PCR London Valves 2019: TRILUMINATE shows safety and efficacy of TriClip maintained at one year

Georg Nickenig presenting TRILUMINATE findings at PCR London Valves
Georg Nickenig presenting TRILUMINATE findings at PCR London Valves

The use of TriClip (Abbott) for edge-to-edge repair in tricuspid regurgitation (TR) remains safe and effective at one year, preliminary outcomes from the TRILUMINATE study, presented at a late-breaking session at PCR London Valves 2019 (17–19 November, London, UK), indicate. Outlining the data, Georg Nickenig (University of Bonn, Bonn, Germany) said that among 87% of the patients with symptomatic or greater tricuspid regurgitation, the study demonstrated TR reduction of at least one grade. It also found a low rate of major adverse events, with no new device related adverse events after 30 days, and significant improvements in quality of life measures.

“I think we can show—admittedly in a small patient cohort—durable repair,” said Nickenig, adding: “This is a very safe procedure. We witnessed some clinical improvement and we saw also some positive reverse remodelling and improved RV function.”

Nickenig told Cardiovascular News that the one-year outcomes should “certainly help” towards achieving CE mark for the device, which is still pending.

TRILUMINATE is a prospective, multicentre, single-arm study in 21 sites in Europe and the USA; 30-day findings were announced earlier this year at EuroPCR 2019 (20–24 May, Paris, France), demonstrating safety and effectiveness, and a low complication rate.

Eligible patients were those with moderate or greater TR, with New York Heart Association (NYHA) class II or higher. Patients with systolic pulmonary artery pressure >60mmHg, a previous tricuspid valve procedure, or a cardiovascular implantable electronic device that would inhibit TriClip placement, were not suitable for enrolment.

Nickenig described participants as a “very sick patient group”, and explained: “Minimal invasive catheter based procedures may offer some promise to treat and tackle patients with tricuspid regurgitation. There have been some post-hoc registry data made available during the past years showing that MitraClip could be used to reduce tricuspid regurgitation in a certain patient cohort and this could be related to also to an improved clinical outcome or at least to an improved clinical performance.”

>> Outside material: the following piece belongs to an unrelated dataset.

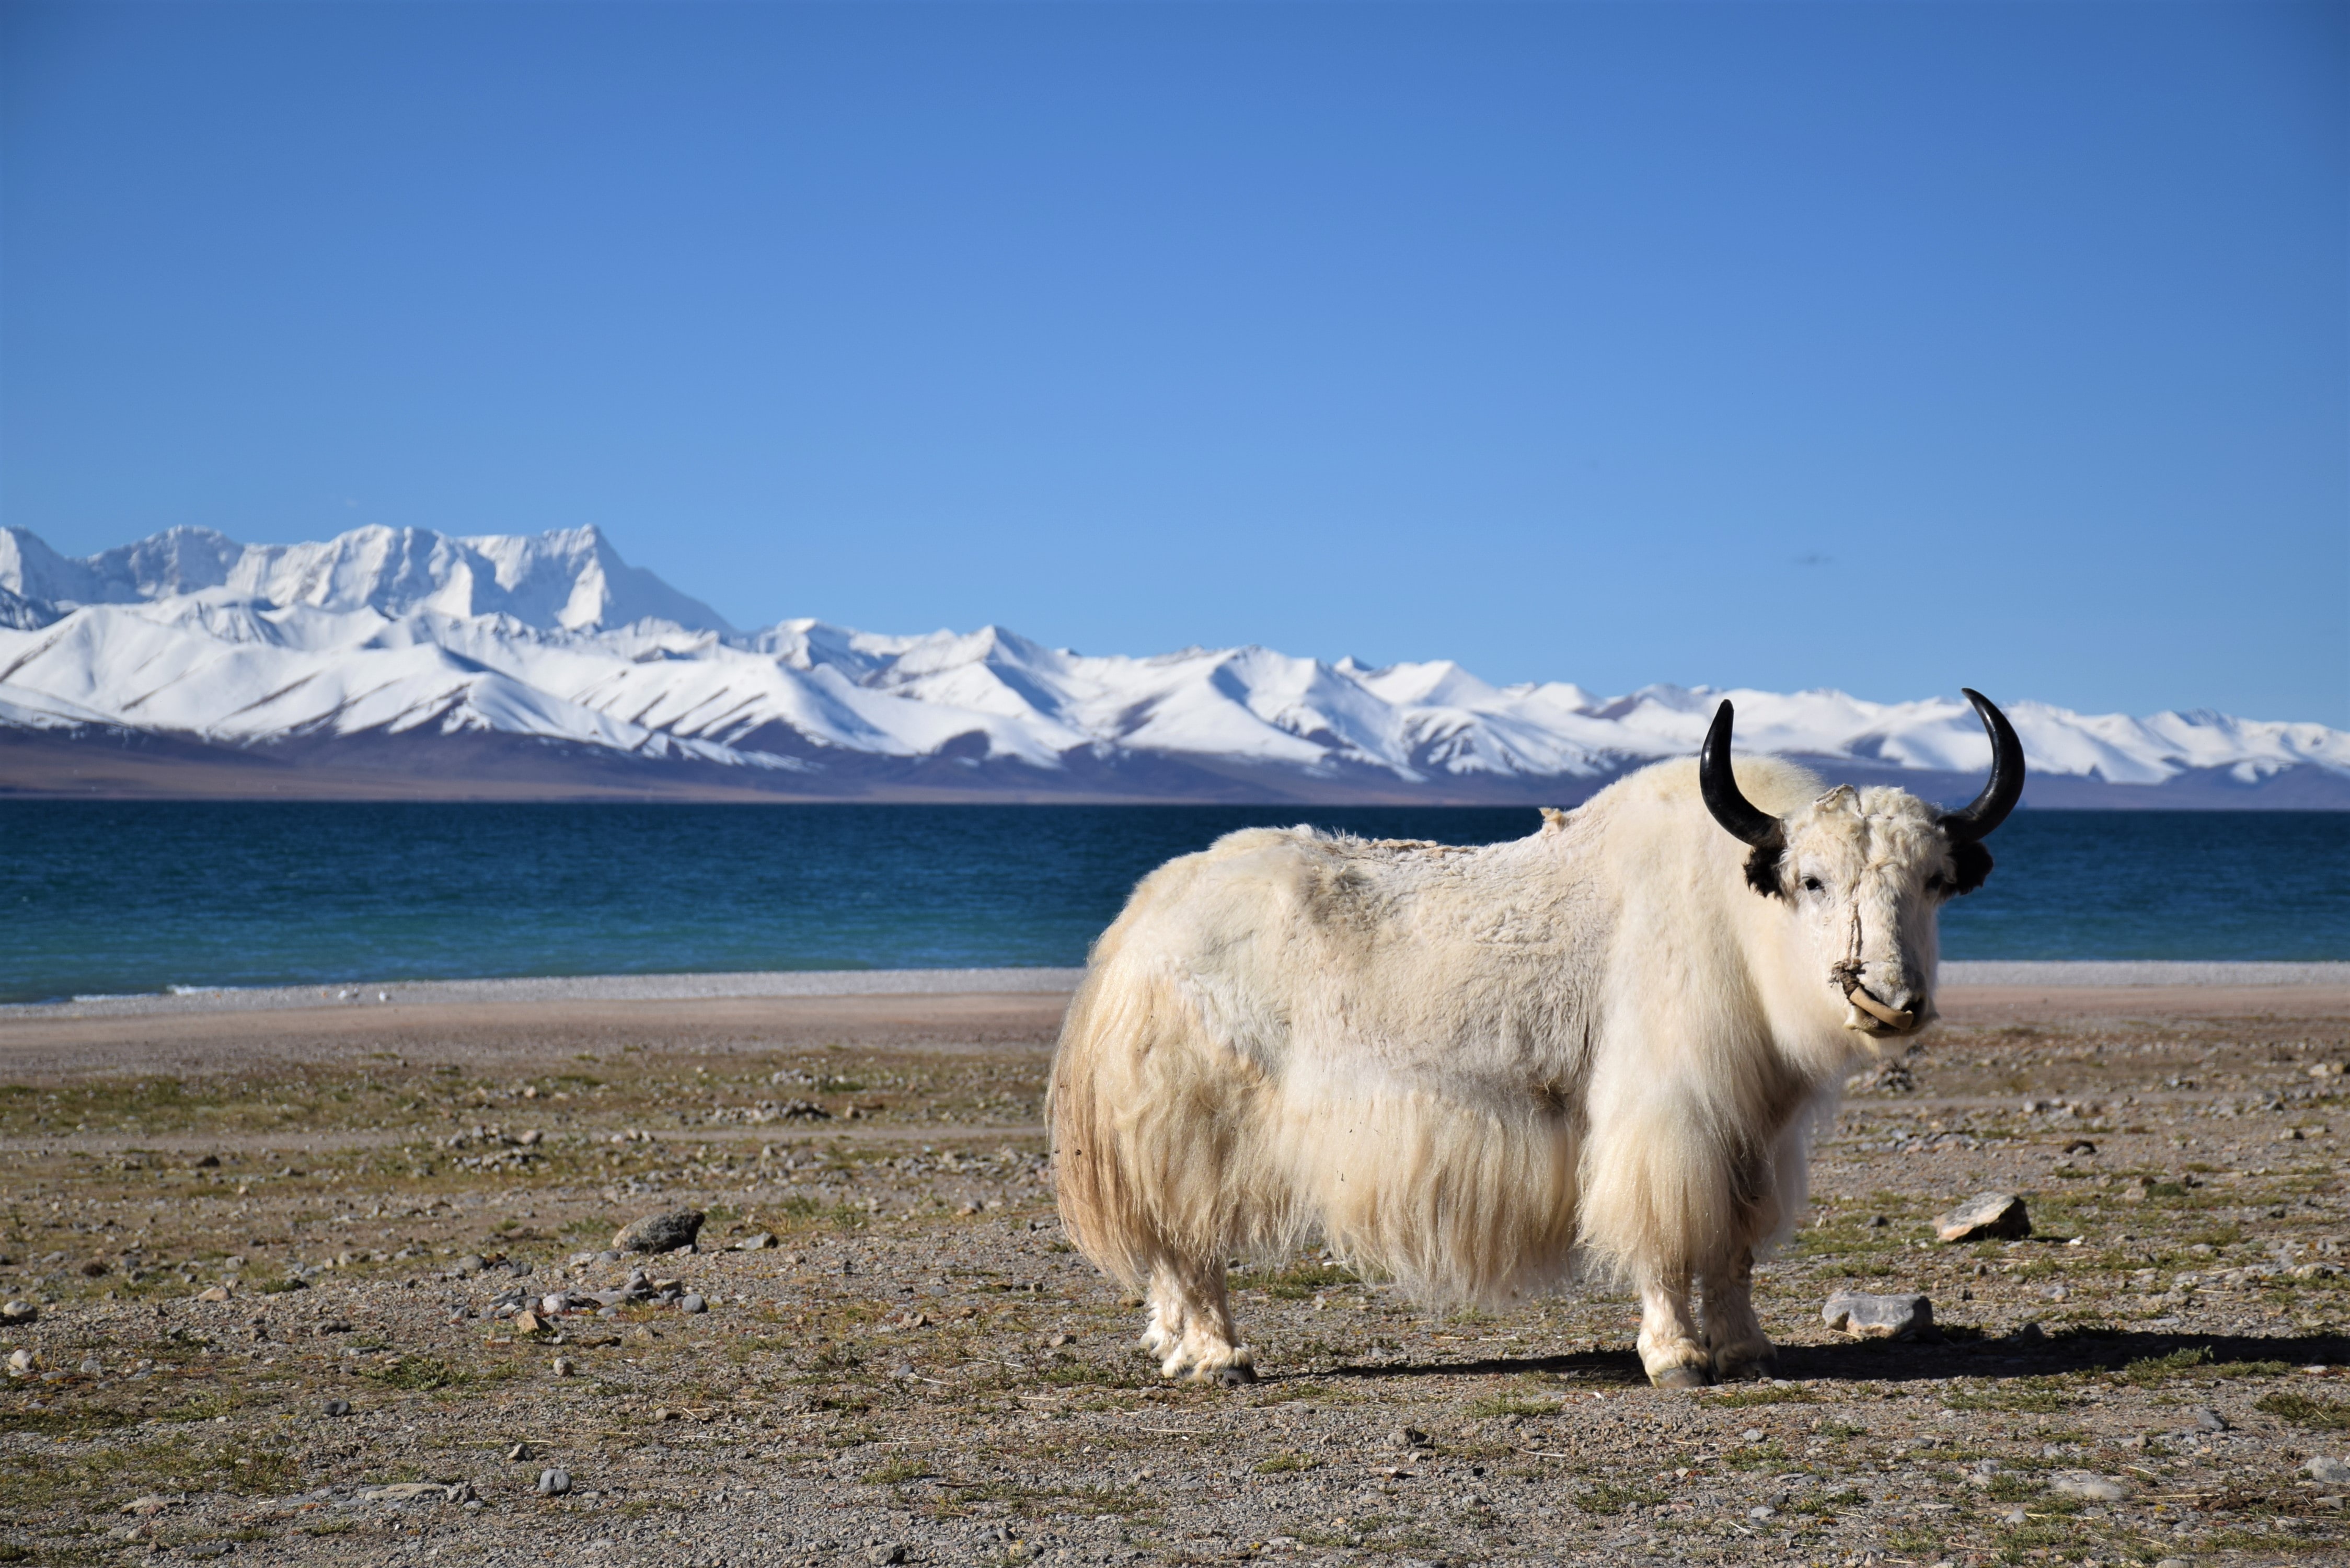  A white yak stands on the shore of a lake in Tibet, with a snow-capped mountain in the distance.
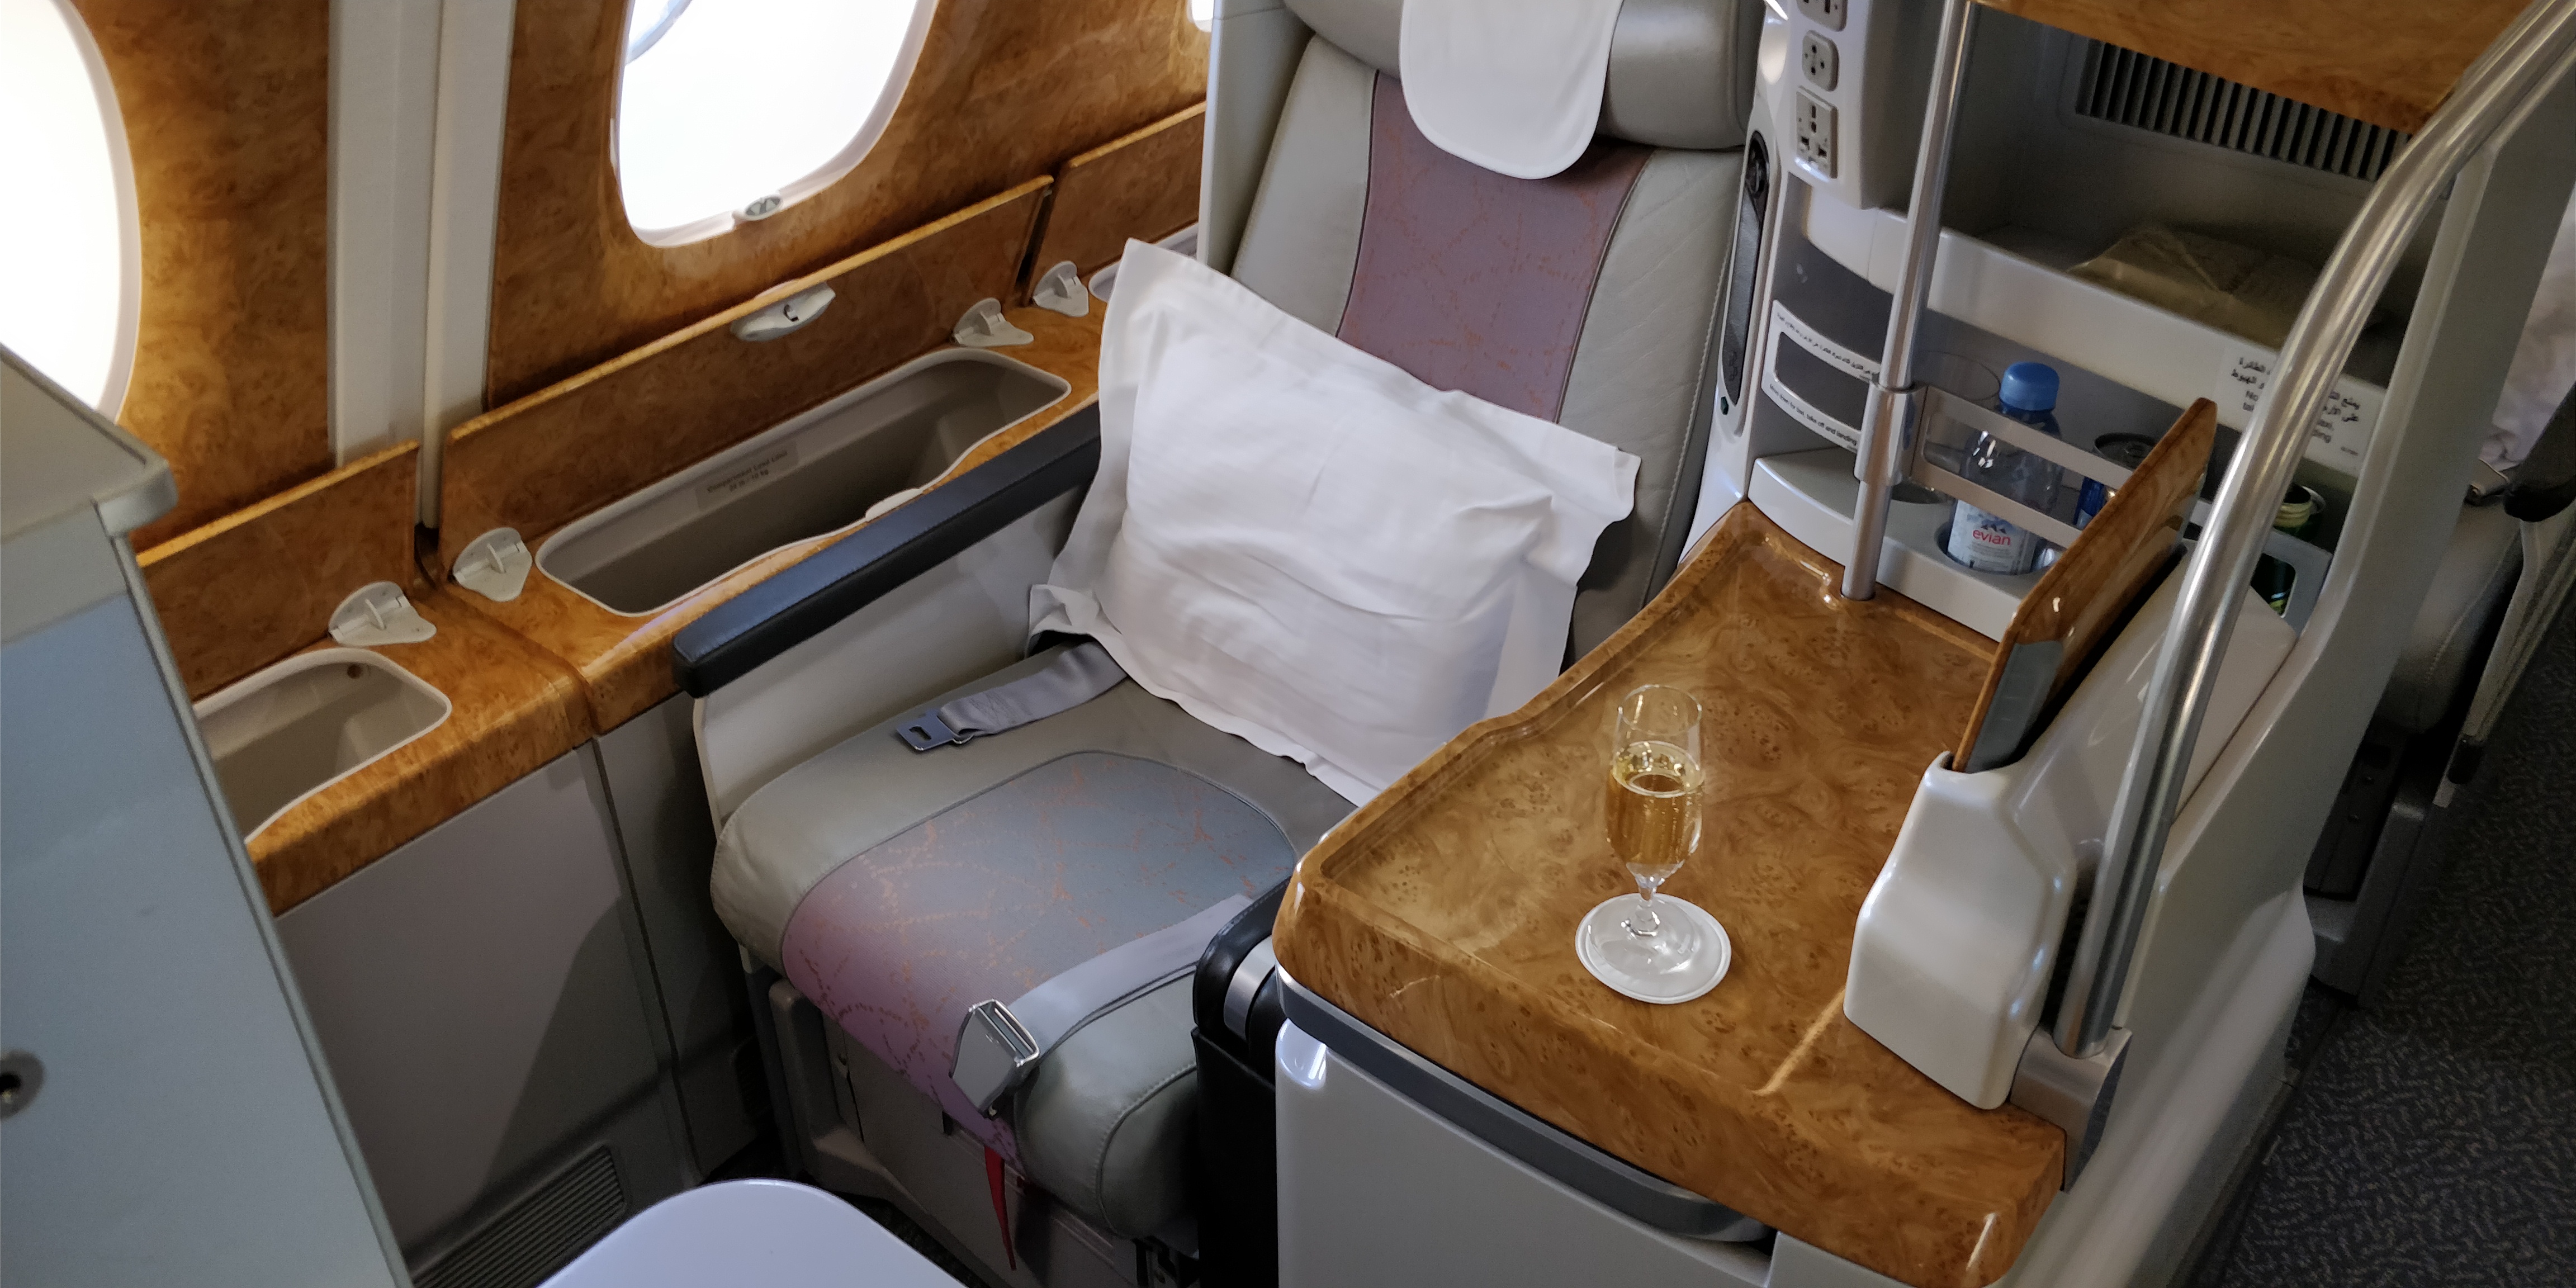 A picture ofEMIRATES 380-800 BUSINESS CLASS SEAT on flight EK405

Participants were treated with the TriClip tricuspid valve repair system, a clip-based edge-to-edge repair technique. TR was graded as mild, moderate, severe, massive, and torrential. The primary efficacy endpoint was a reduction in severity of TR ≥one grade 30-days post-procedure, with a performance goal of 35%. The primary safety endpoint was a composite of major adverse events at six months, with a performance goal of 39%. Patients who did not reach six-month follow-up and did not have a major adverse event during previous follow-ups were excluded from the primary safety analysis. The trial has completed enrolment and follow-up is ongoing.

Nickenig reported one-year outcomes in the first 50 of 85 patients; this found a TR reduction of at least one grade among 87% of subjects with paired data. The proportion of subjects with moderate or less TR increased from 4% at baseline to 54% at 30 days, an improvement that was “sustained and improved” at one year, increasing to 64%, indicating, he said, “durable TR repair”.

In addition, the study demonstrated continued symptomatic improvement, he said, with increases in quality of life measures; the proportion of subjects in NYHA class I/II increased from 22% at baseline, to 84% at 30 days, and 80% at one year, and scores for the Kansas City Cardiomyopathy Questionnaire (KCCQ) and six-minute walk distances also improved between baseline and one year.

Nickenig added: “We saw some initial evidence for positive reverse remodelling on the right side of the heart.” The reduction of TR was associated with significantly decreased right ventricular dimensions suggesting positive remodelling, with significant improvements in right ventricular function.”

There were three major adverse events at one year (all cardiovascular mortality), with no myocardial infarction, stroke, or new onset renal failure. On additional safety endpoints, there were four deaths that were not related to the device or the procedure and one that was unlikely to be related. There were no new device related safety events beyond 30 days.

The findings have also been published in The Lancet.